_Task brief_:
Nothing except the pictures should be left out when you reproduce the listing exactly.

_Source material_:

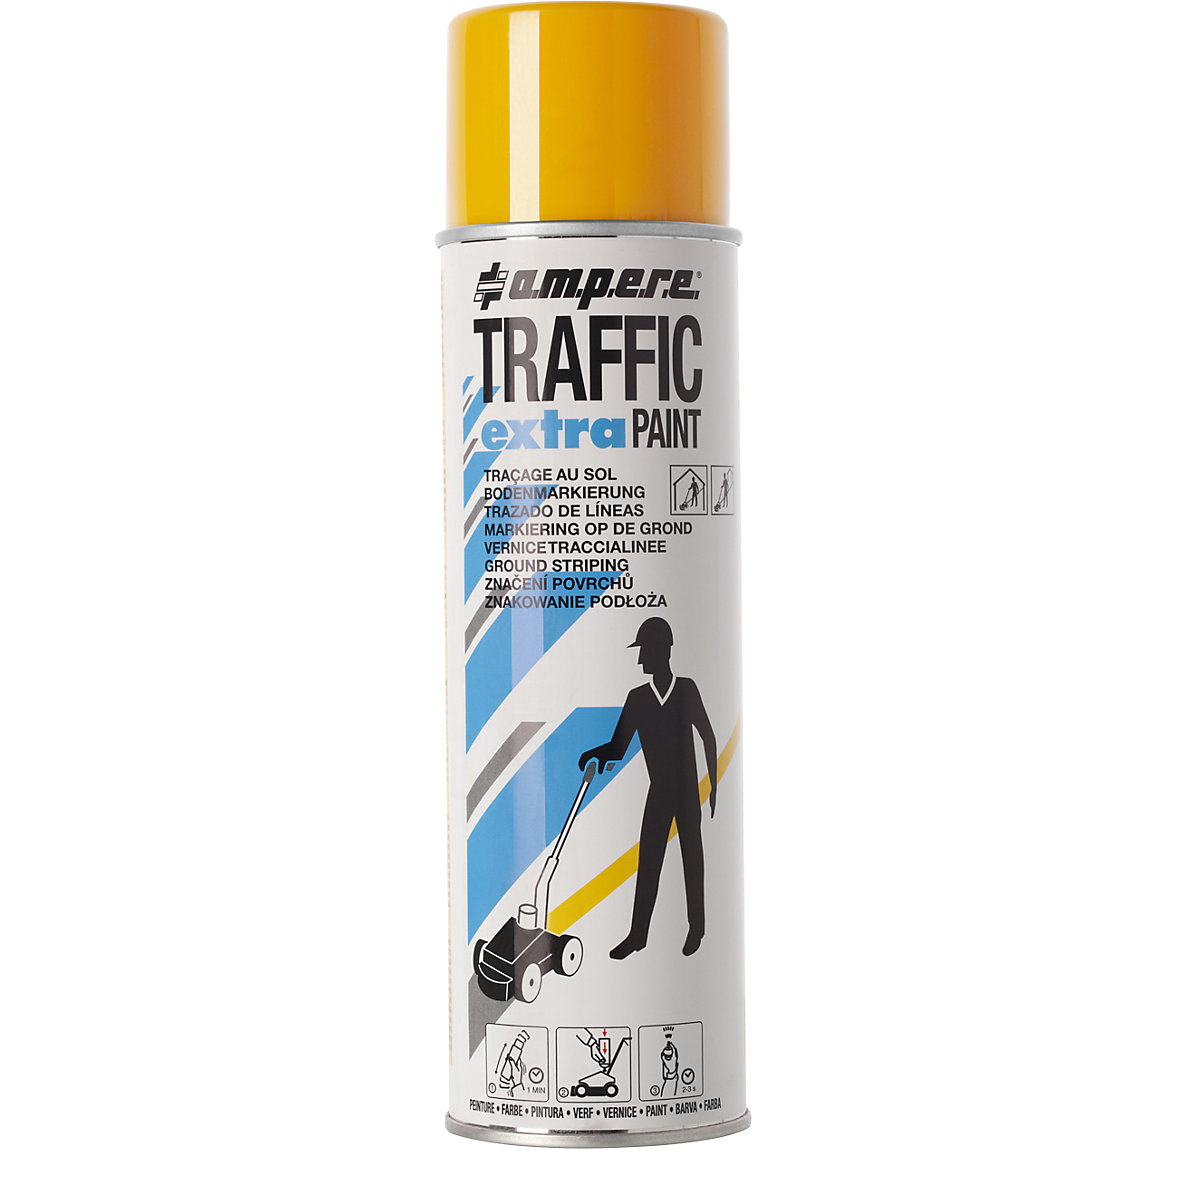 Vernice traccialinee Traffic extra Paint® per impieghi intensi – Ampere
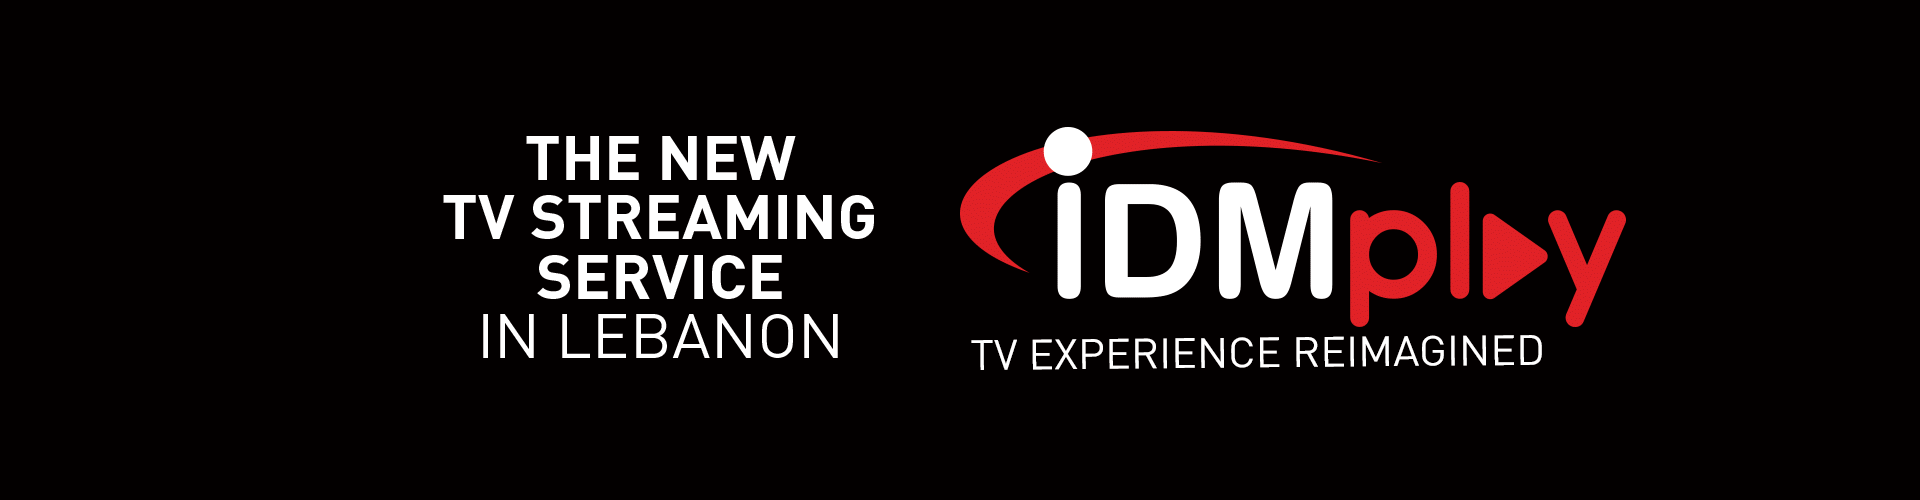 IDMplay: TV EXPERIENCE REIMAGINED
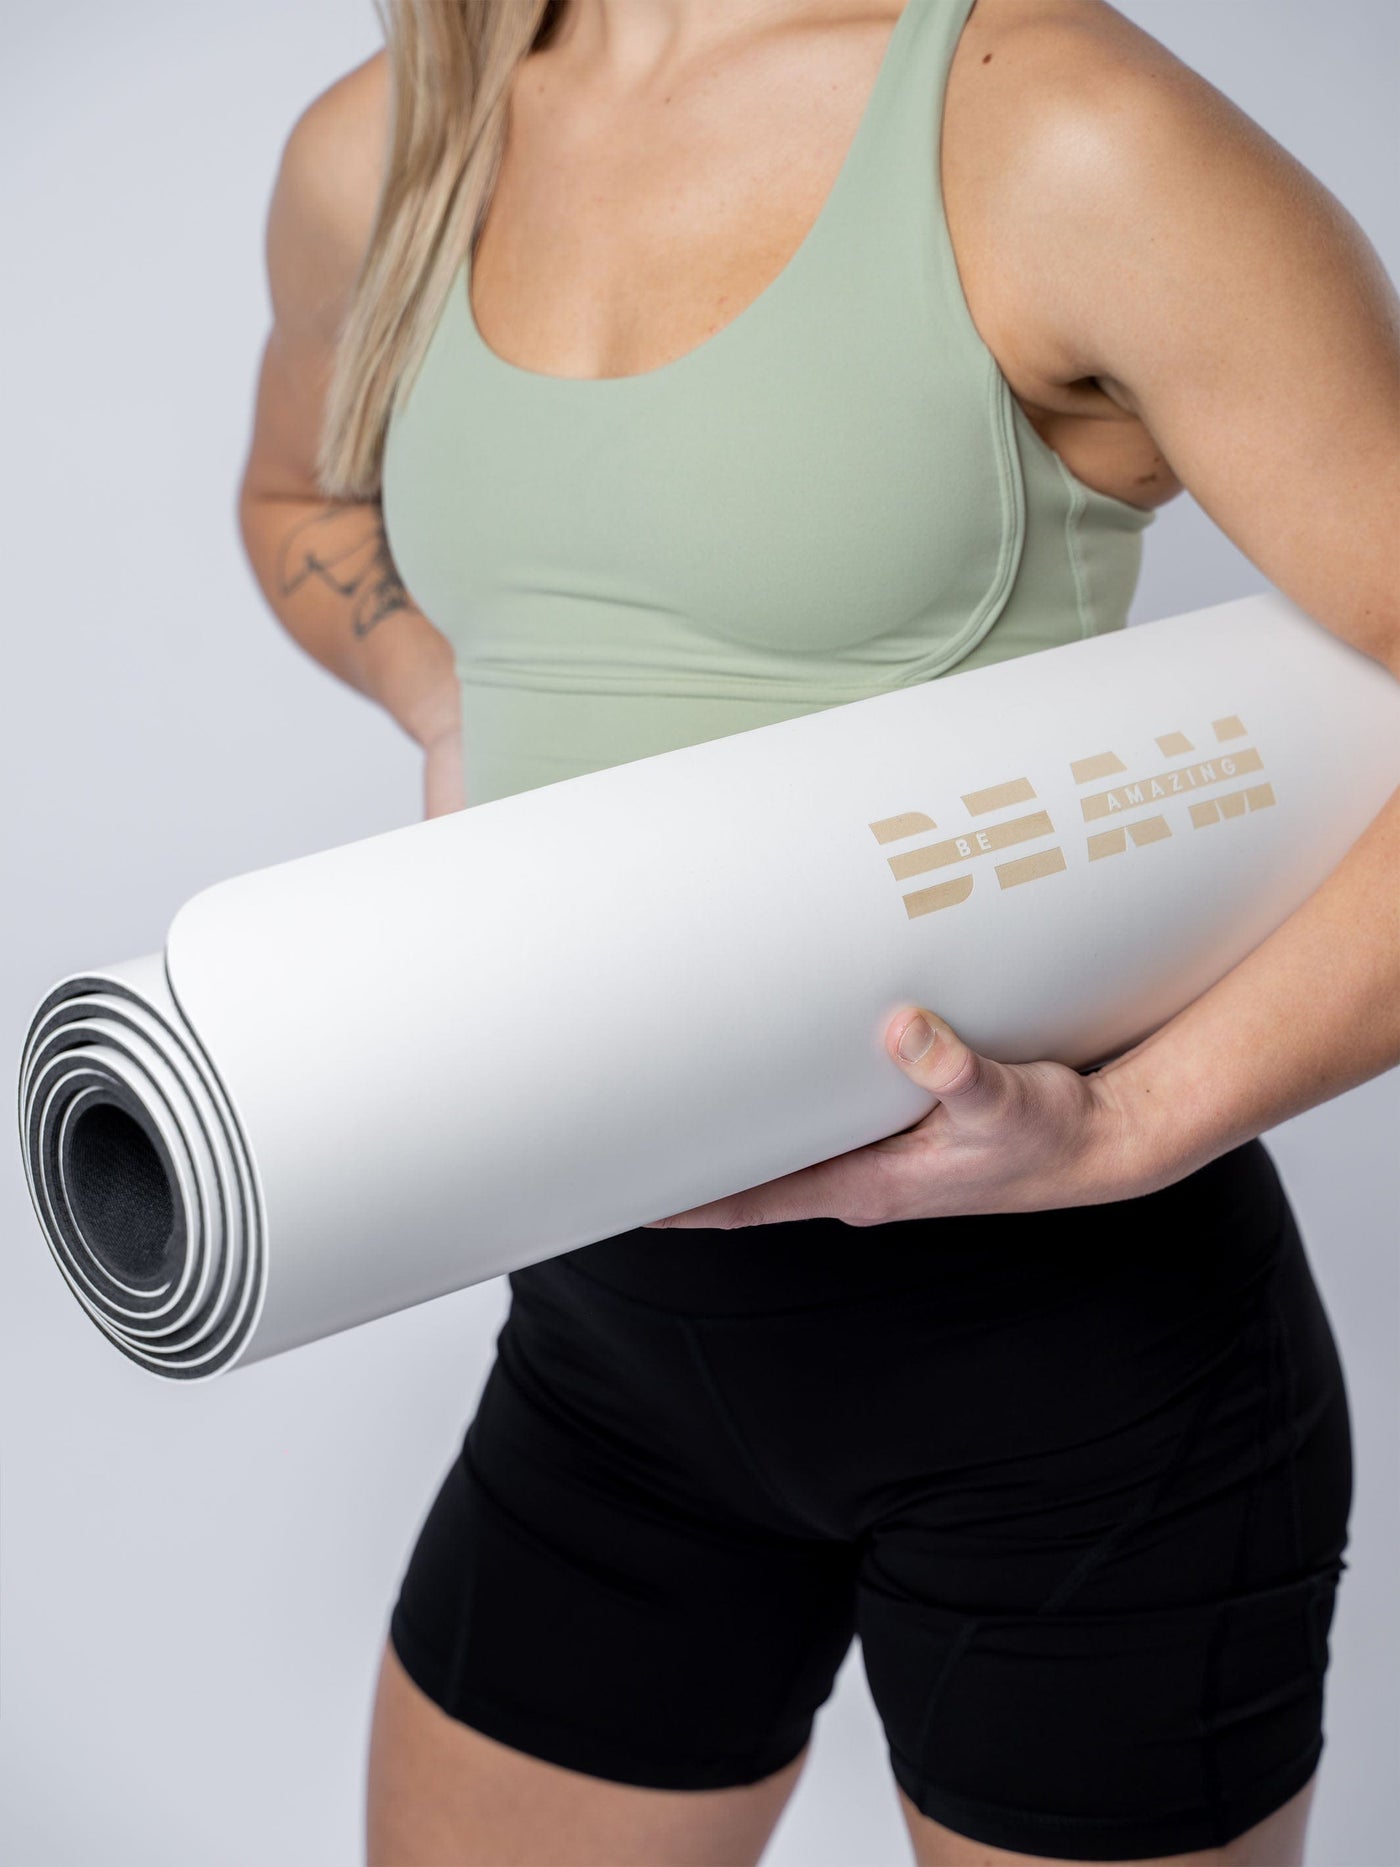 Wellday 173X61 Thickening Yoga Mats For Workout Men Women Fitness
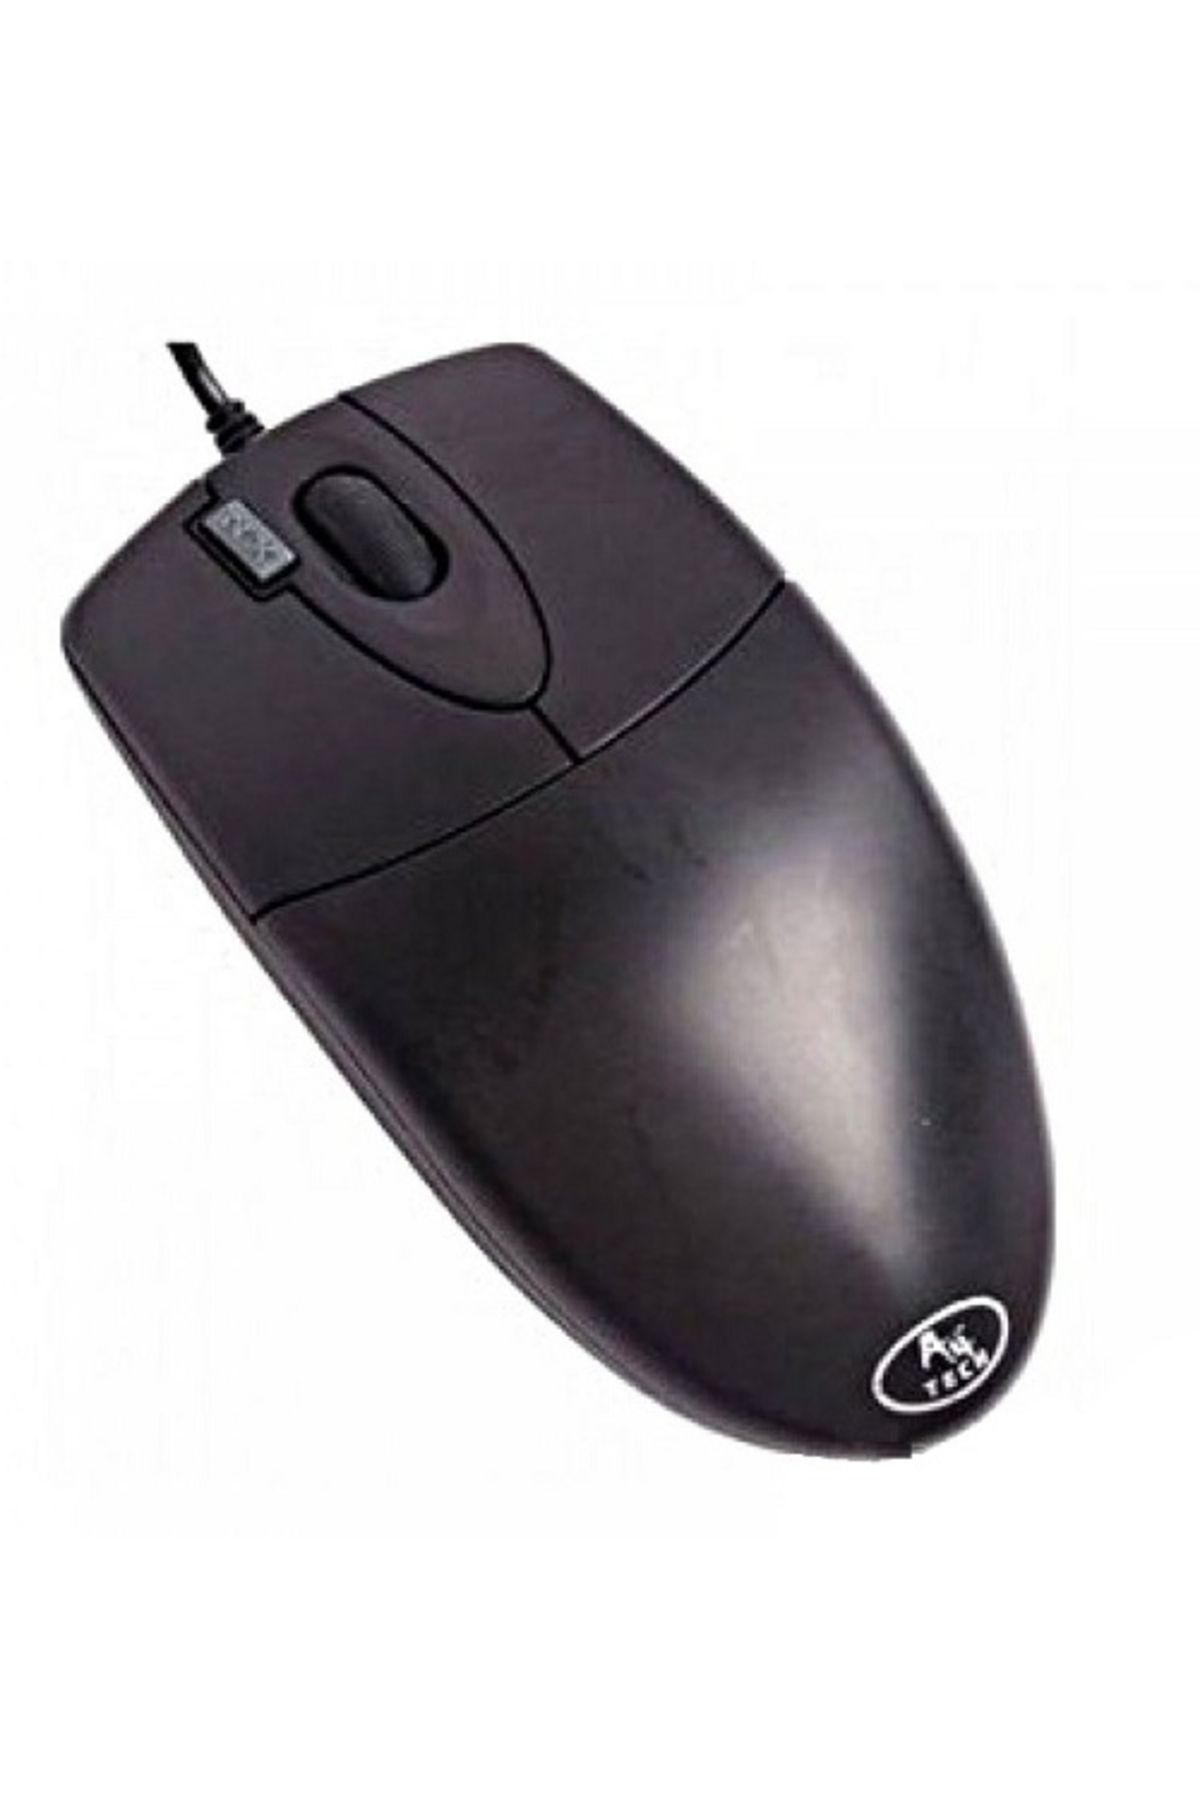 A4 Tech Op620d-b 800dpı 3 Tuş Optik Mouse

_Expected answer_:
 Vernice traccialinee Traffic extra Paint® per impieghi intensi – Ampere
 IDMplay: TV EXPERIENCE REIMAGINED
 Wellday 173X61 Thickening Yoga Mats For Workout Men Women Fitness
 A4 Tech Op620d-b 800dpı 3 Tuş Optik Mouse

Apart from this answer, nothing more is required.